Something in the air had shifted. There was a lingering tension vibrating around them that had all the hairs along the back of Dimitri’s neck prickling. He judged his chances of going for his gun, but abandoned the idea. There was no way to do that without letting go of the light or the goggles and he knew he’d never make it.
The gun Chan Lee lifted from behind his back didn’t surprise Dimitri. Its predictableness only offered comfort to an unpredictable situation. He stared at the long barrel of the silencer attached to the head of a .45, then at the man wielding it.
“You’re going to kill me because I refuse to work for you?”
Chan Lee jerked up one shoulder. “Yes, I am not so good with rejection.”
Dimitri nodded slowly. He glanced down to where the flashlight had spilled a pool of gold across his scarred boots. He tapped his hands against his thigh thoughtfully and watched the flicker, the shimmer reflecting off the smooth marble beneath his feet. It was a stalling tactic he knew he needed to utilize carefully.
He exhaled grudgingly and lifted his head. “What is it you want me to do?”
The gun wavered. It visibly lowered a notch from Dimitri’s head to mid chest.
“You are reconsidering my offer!” Chan Lee cheered, beaming. “I knew you would.”
Dimitri frowned, though the man couldn’t see it, but he heard it when Dimitri spoke. “Well?”
The nozzle of the silencer lowered to the ground, and that was all Dimitri needed.
He swung up his own arm. The beam from his flashlight slashed through the dark in a glowing arc and slammed into Chan Lee’s face with deadly accuracy. The man cried out and flung up both arms to shield his wide, brown eyes. He stumbled, hit the glass table behind him and the two crashed to the floor.
Dimitri didn’t wait to see what would happen next. He jammed on his goggles and, as an afterthought, dug out his signature rose from the side compartment of his pack and tossed it down next to the debris before bolting.
In exactly fifteen steps, he was across the room to the terrace doors and out into the crisp night. The rope he’d used to propel himself down swayed in the breeze just inches from the top of his head.

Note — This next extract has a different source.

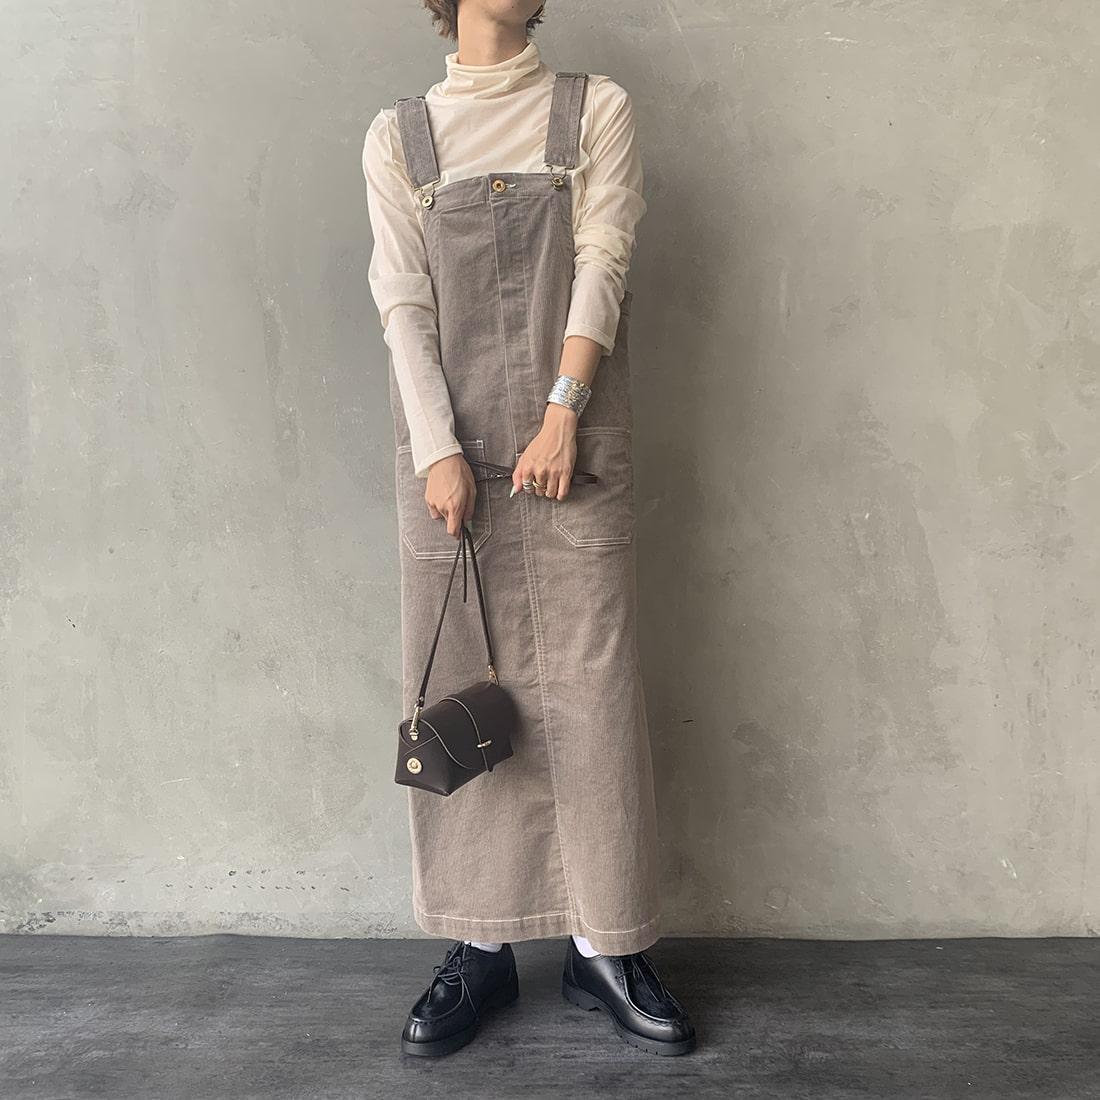 UNIVERSAL OVERALL [ユニバーサルオーバーオール] 別注コーデュロイマキシスカートです。

He grabbed it and hoisted himself up the side of the building towards the roof, one hand over the other.
Below, he heard the shout of voices, the tinkle of breaking glass, then Chan Lee was there, face a pale ghost in the darkness. He screamed something the wind and distance caught and distorted. Dimitri reached the roof ledge and hauled himself over just as the first bullet whizzed past his left leg. He hit the gravel and rolled, taking the rope with him and blocking Chan Lee’s attempts at following him.
The pops continued, spraying into the night in useless frustration. Dimitri had already cleared the roof to the other side and the second length of rope propelling him down into the alleyway and his escape.
Going down was always easier than climbing up. He practically slid to the bottom, grateful for his gloves and knowing he would need new ones before the night was over.
He hit the pavement with both feet, the sound muffled. He threw glances in all directions, searching through the tint of green for signs of life and finding none. Certain he wasn’t followed, he ripped off the goggles, stuffed them into his pack and raced to the edge between the two buildings. The concrete glistened like an oil slick despite the lack of rain. His boots crunched on broken glass and grit as he reached his parked bike and jumped on. The sound of its engine revving to life splintered the darkness.